Another study [29] focuses on manipulating the input data where a multimodal and multilevel network is constructed that will treat the existence of protective behaviour as an early sign of future pain event, and perform pain recognition in several stages. The proposed network detects the appearance of pain first, then feeds the output and previous features to the second level to detect the occurrence of protective behaviour. Next, the outcome of the second level will be concatenated with the previous input to estimate the pain intensity at the last stage. The main finding of this work is that the successful detection of the existence of protective behaviour can improve the result of pain estimation. A similar network architecture is evaluated in this paper for comparison with other proposed approaches. Furthermore, the proposed network, PLAAN, is trained to discriminate the undertaking exercise type and the associated pain intensity/protective behaviour at the same time.

Another work of EmoPain Challenge by Yuan and Mahmoud [30] focuses on building an effective neural network. They proposed an Autoencoder-LSTM-Attention-Net (ALANet), which was designed for extracting the most expressive temporal information. In comparison with the baseline network of EmoPain dataset, ALANet exceeds the baseline accuracy with only one-twentieth training time. However, this network cannot discriminate well between low pain and high pain targets. This issue is occurring due to the class-wise imbalance in the EmoPain dataset. PLAAN is developed especially to address this concern by applying anomaly detection.

Similar to Wang et al. [11] , similar terminology has been used in this paper: 'sample' refers to a single data point at every single timestep; 'segment' or 'frame' refers to a small data chunk having several samples within; 'instance' is at participant-level data which contains full data sequence of all the activities during one trial.

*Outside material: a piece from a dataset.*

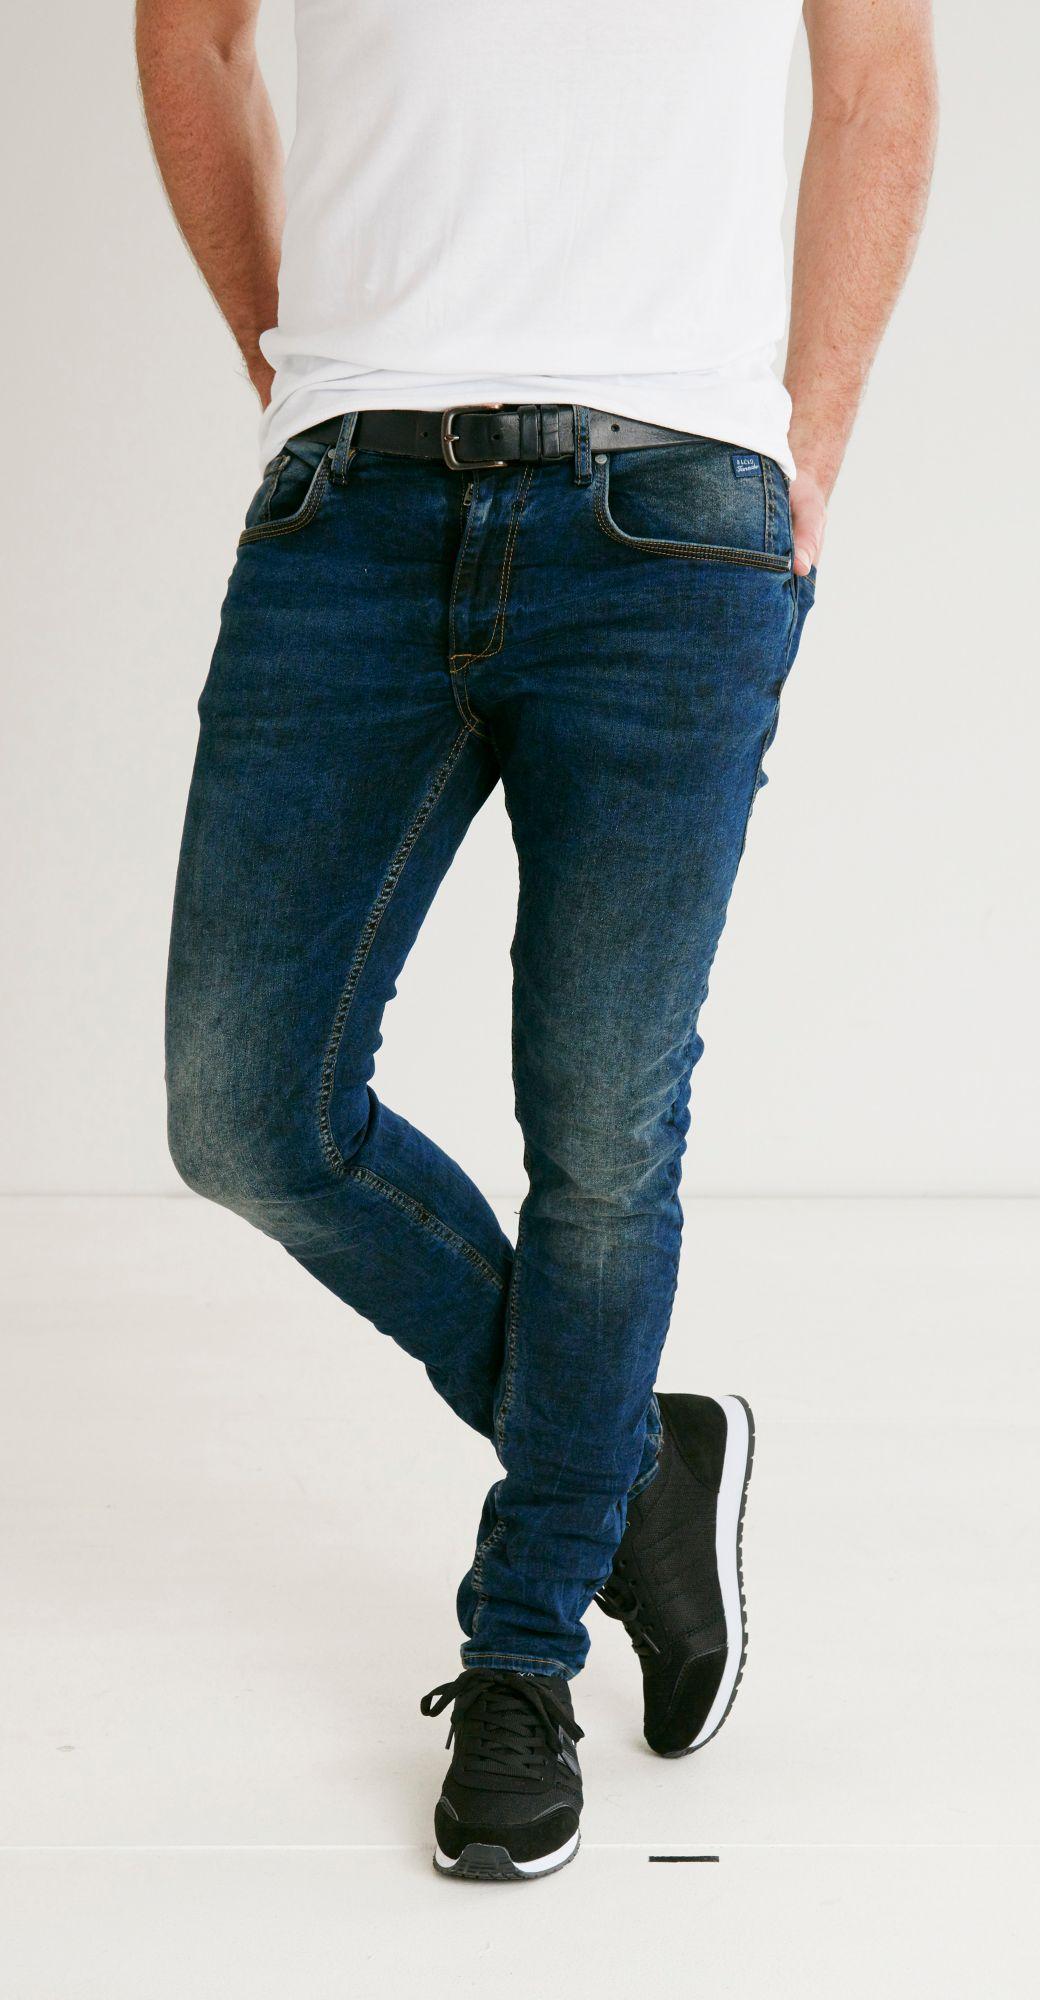 BLEND Blend Jet slim fit jeans

The proportion of frames containing an event of occurrence of pain or protective behaviour in the EmoPain dataset is significantly less. Statistically, the number of frames having pain or protective behaviour labels are in range 16-20 per 100 frames. This motivate us to follow the approach of anomaly detection. In an interesting work, Ravanbaksh et al. [31] proposed a video based flow detection of an event via an adversarial approach for abnormal activity detection. Ribeiro et al. [32] proposed a convolutional auto encoder based technique for anomaly detection in videos. The reconstruction error of each frame is considered as an anomaly score. The final score for a video is predicted by aggregating high-level spatial and temporal features with the input frames. Meheta et al. [33] used an adversarial network comprised of two channel 3D convolutional auto encoders. Both channels deals with video sequences and optical flow which reconstruct thermal data and optical flow input sequences. Chalapathy et al. [34] conducted a survey on deep learning techniques for abnormal activity detection. Most of the existing research on this topic focus on a application of specific research area where the learning is based on an auto-encoder for one class learning.

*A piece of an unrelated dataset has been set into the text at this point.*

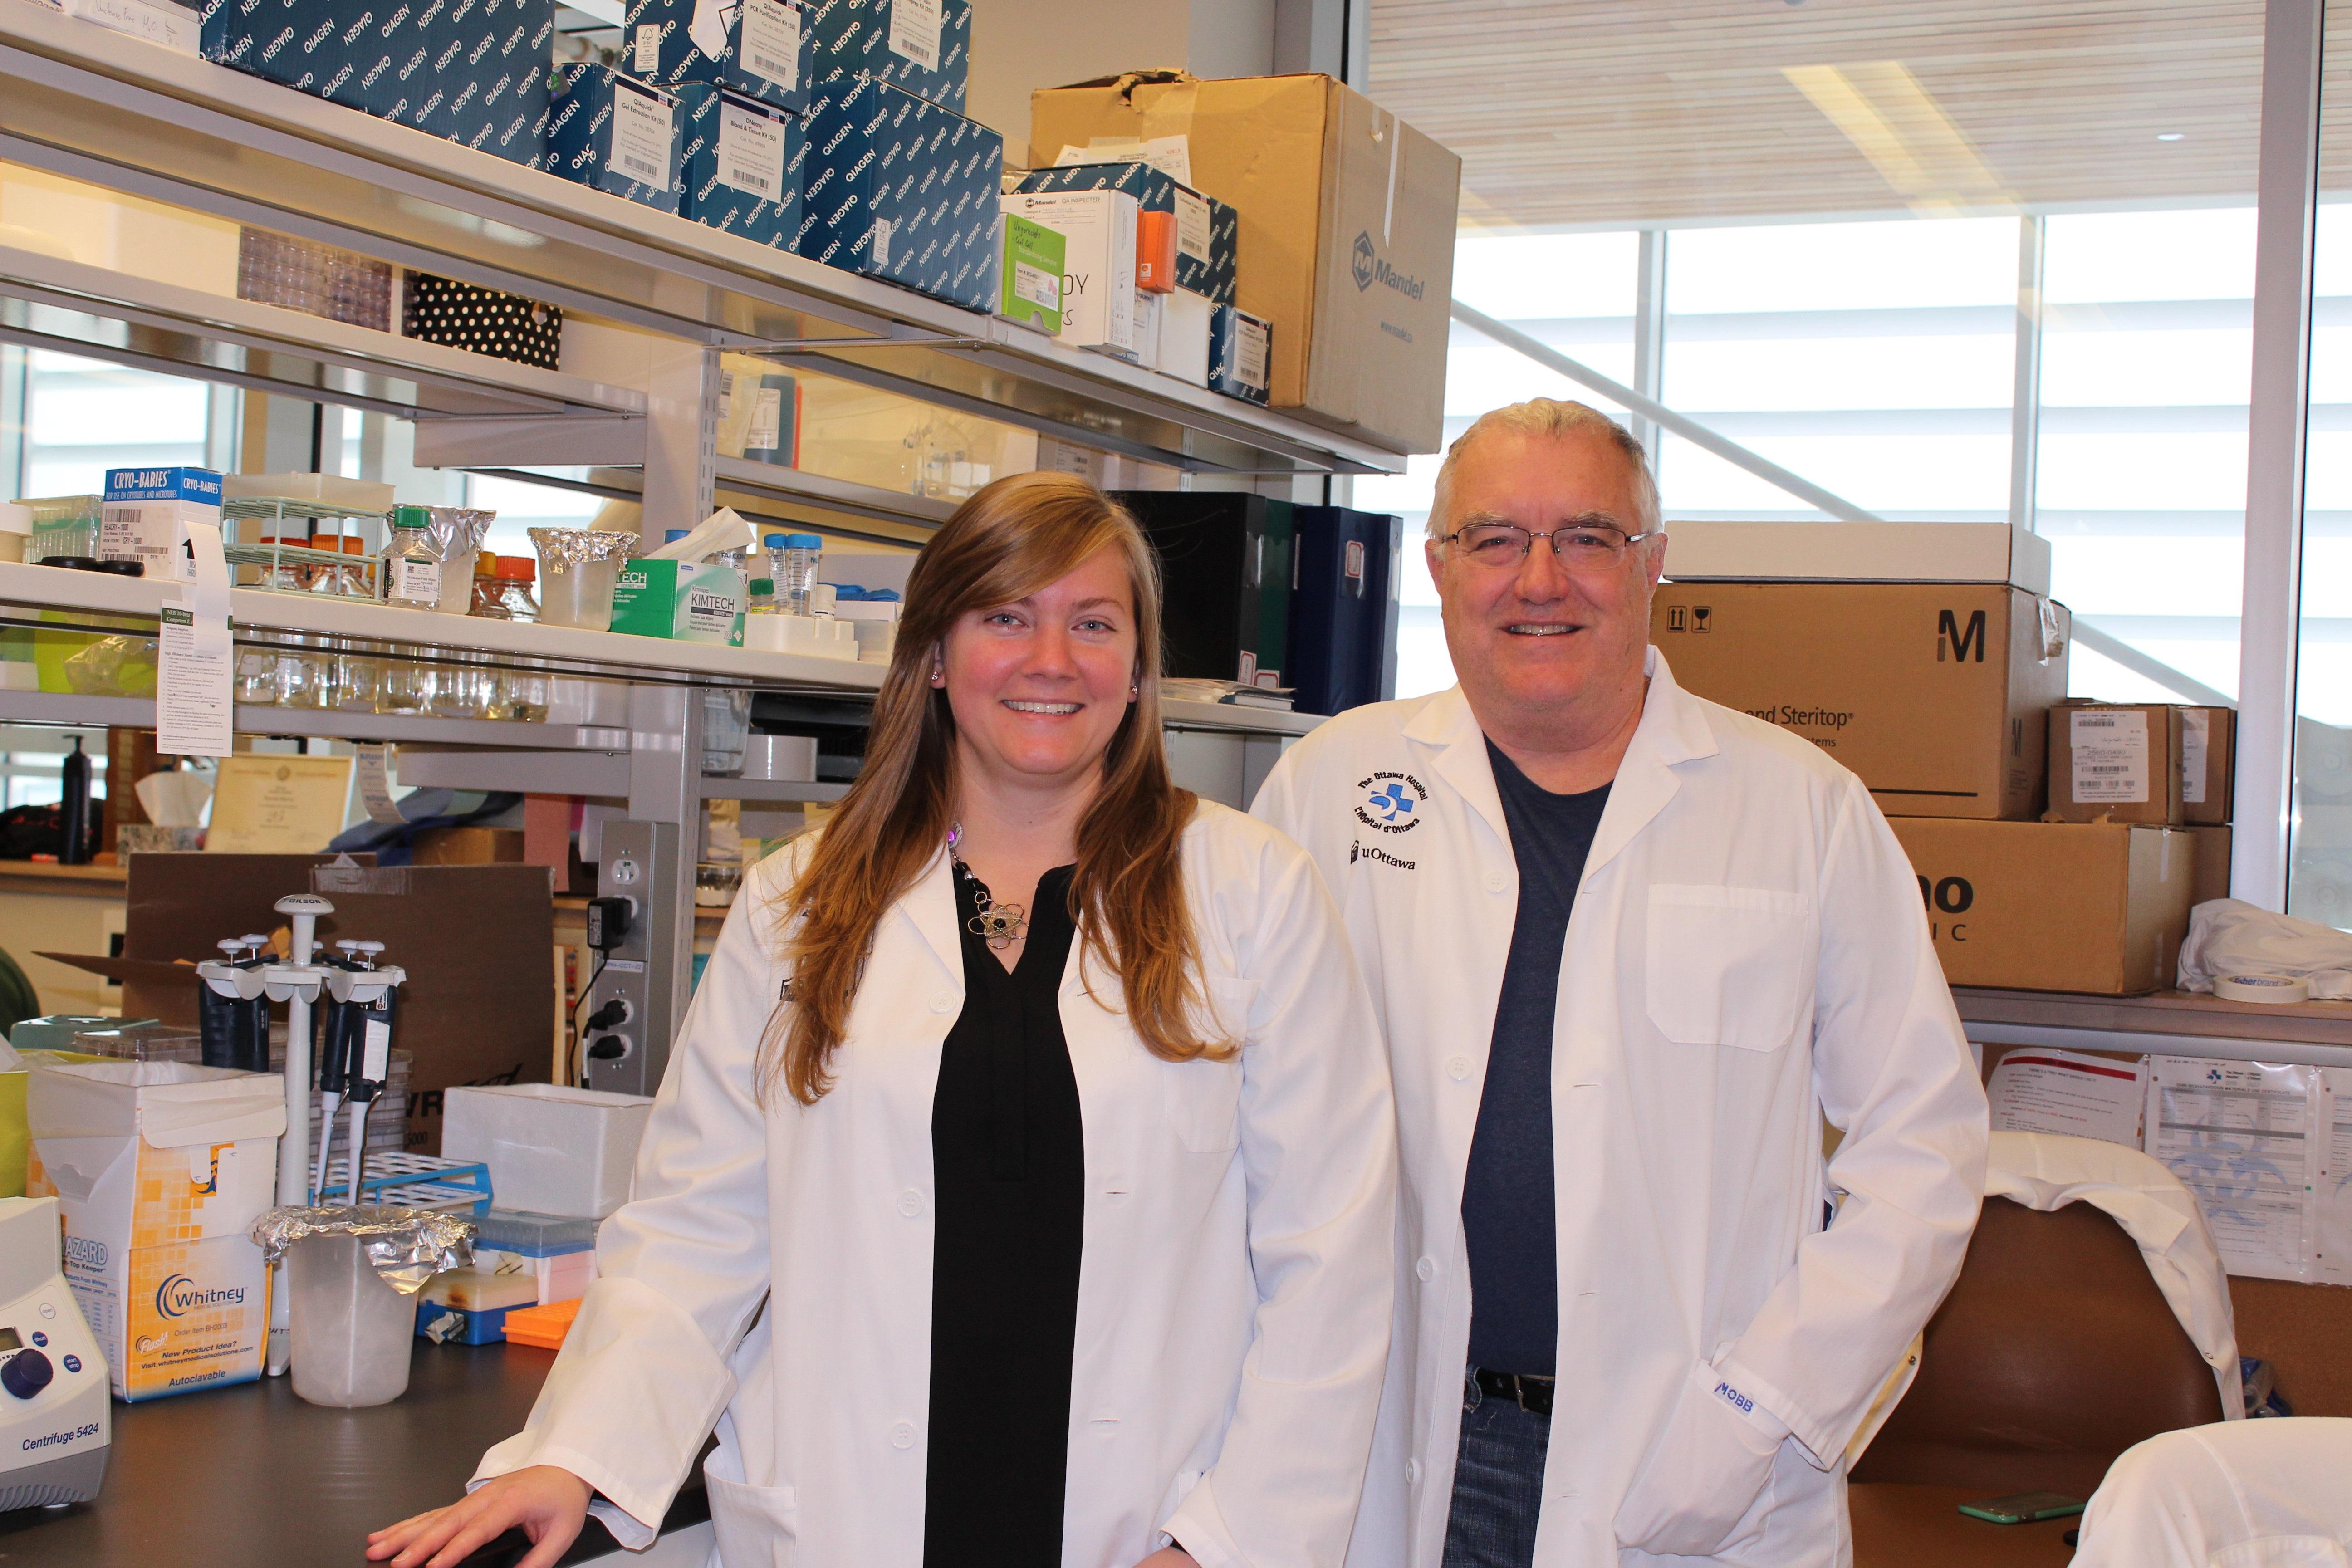 Une femme et un homme, en sarraus, sont debout dans un laboratoire de recherche.

A useful technique for handling imbalanced data is required to improve the network performance, given the huge imbalance in the EmoPain Challenge data. The implementation of balancing techniques are generally at the input level. The training dataset can be manually balanced by oversampling the minority class or under sampling the majority class. Furthermore, Synthesizing new data for the minority class can also balance the class distribution. Chawla et al. [35] develop the Synthetic Minority Over-sampling Technique (SMOTE) that can enhance the discrimination between minority and majority classes. SMOTE is based on the idea of the KNN algorithm. For any randomly picked instances from the minority class, SMOTE will choose its K nearest neighbours and compute the distances between it and its neighbours, then synthesize new data points with only half of the previous distance. Inspired by the above mentioned literature, we use SMOTE data balancing technique in our experiments.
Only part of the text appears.